Notable reiterations

* Sandler O'Neill & Partners analyst R. Scott Siefers reiterated his "hold" rating for Wells Fargo & Co. after the company's board released the findings of its independent investigation in connection with the bank's sales scandal.

One of the main causes of the sales scandal is the "cultural distortion in community banks and [Wells Fargo's] decentralized structure," Siefers wrote.

The analyst noted that while the board was critical of the company's previous management, sales culture and structure, the report had no "new bombshells" that would open new issues. Siefers wrote that he does not see any specific catalyst to drive shares to outperform, given the massive damage caused by the scandal.

The analyst maintained his price target at $59.

* Sandler O'Neill analyst Tim O'Brien reiterated his "buy" rating for Los Angeles-based CU Bancorp, following the announcement of its pending deal with Beverly Hills, Calif.-based PacWest Bancorp.
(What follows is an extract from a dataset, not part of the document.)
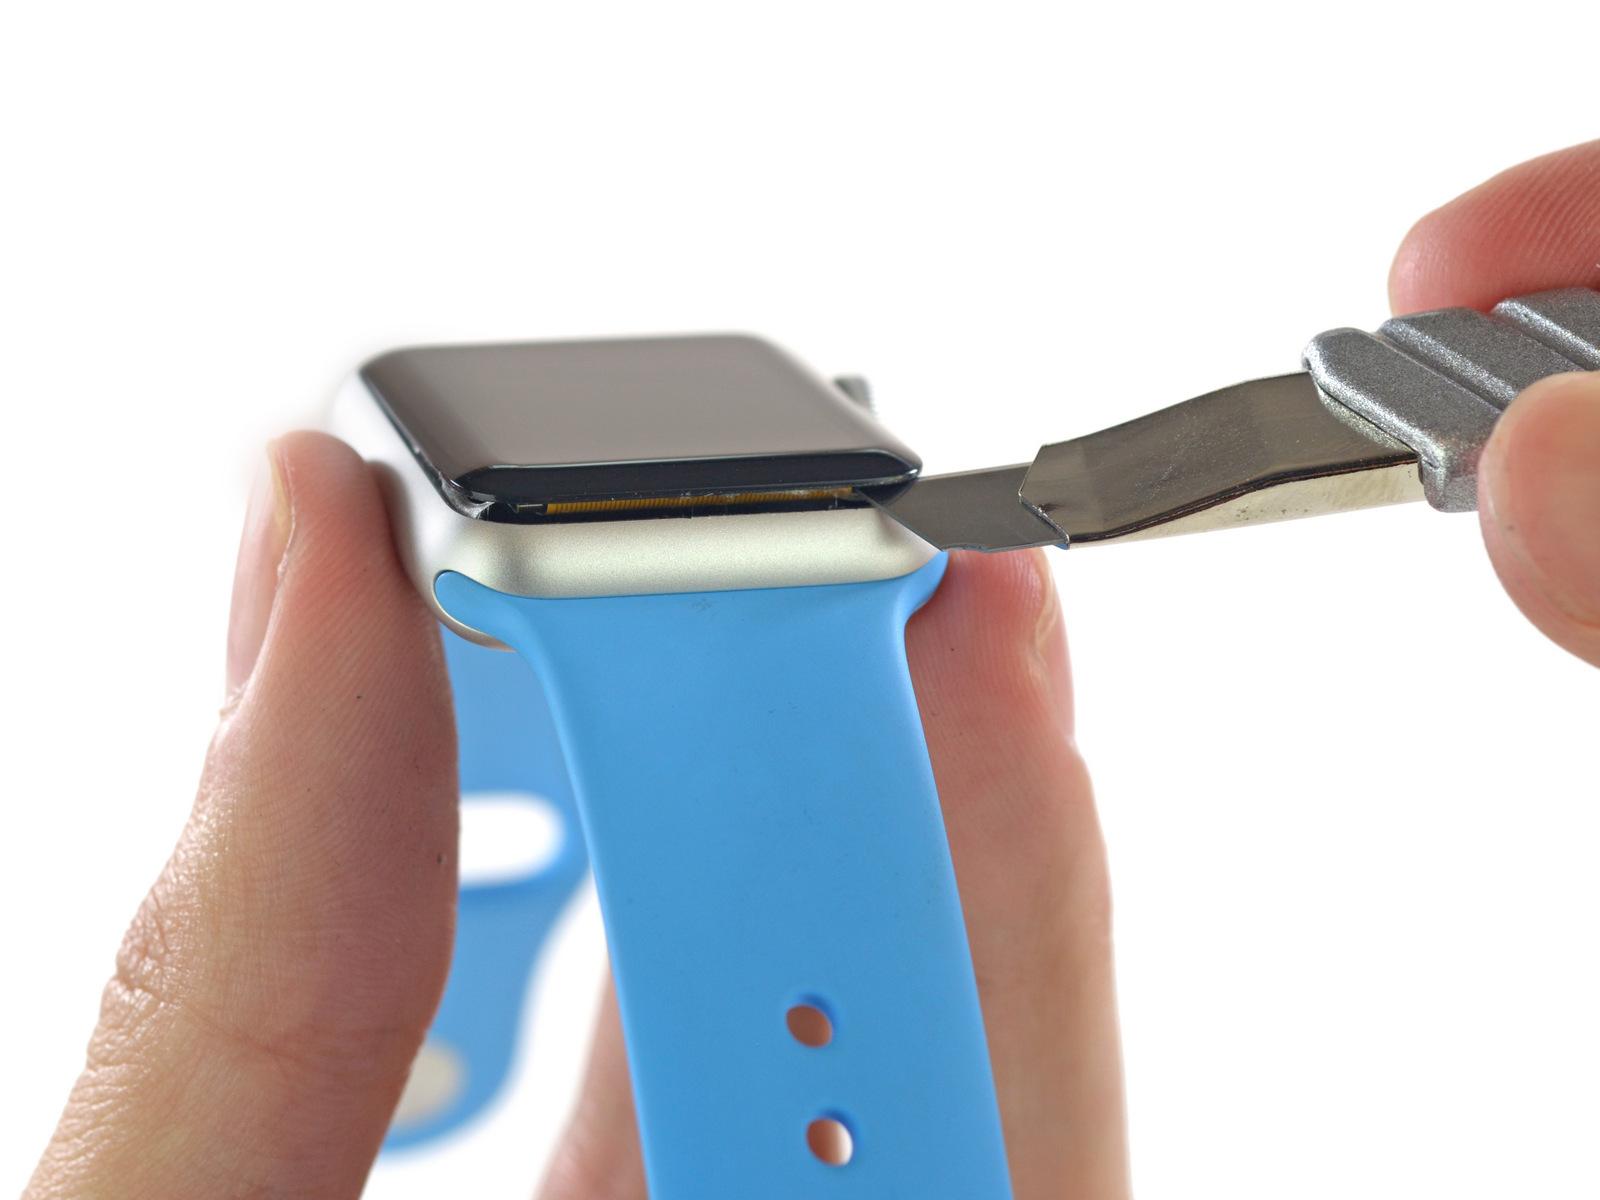 Как только поврежденное экран отсоединен, обесточивается весь гаджет, отсоединив батарею.

He also increased his price target to $44 from $43.

O'Brien wrote that the cash-and-stock deal, which is valued at $705 million, or $39.45 per share, would mutually benefit the companies because of the similarities in their cultures, client bases, funding sources and markets.

Furthermore, the analyst noted that the deal price, at 284% of tangible book value and 23x his 2017 EPS estimate, is a "compelling value" for CU Bancorp shareholders. The deal price also comes with an 18% core deposit premium, the analyst wrote.

CU Bancorp offers a strong core deposit base, a valuable book of small- and medium-sized business clients, strong credit quality, and a high degree of asset sensitivity, O'Brien wrote.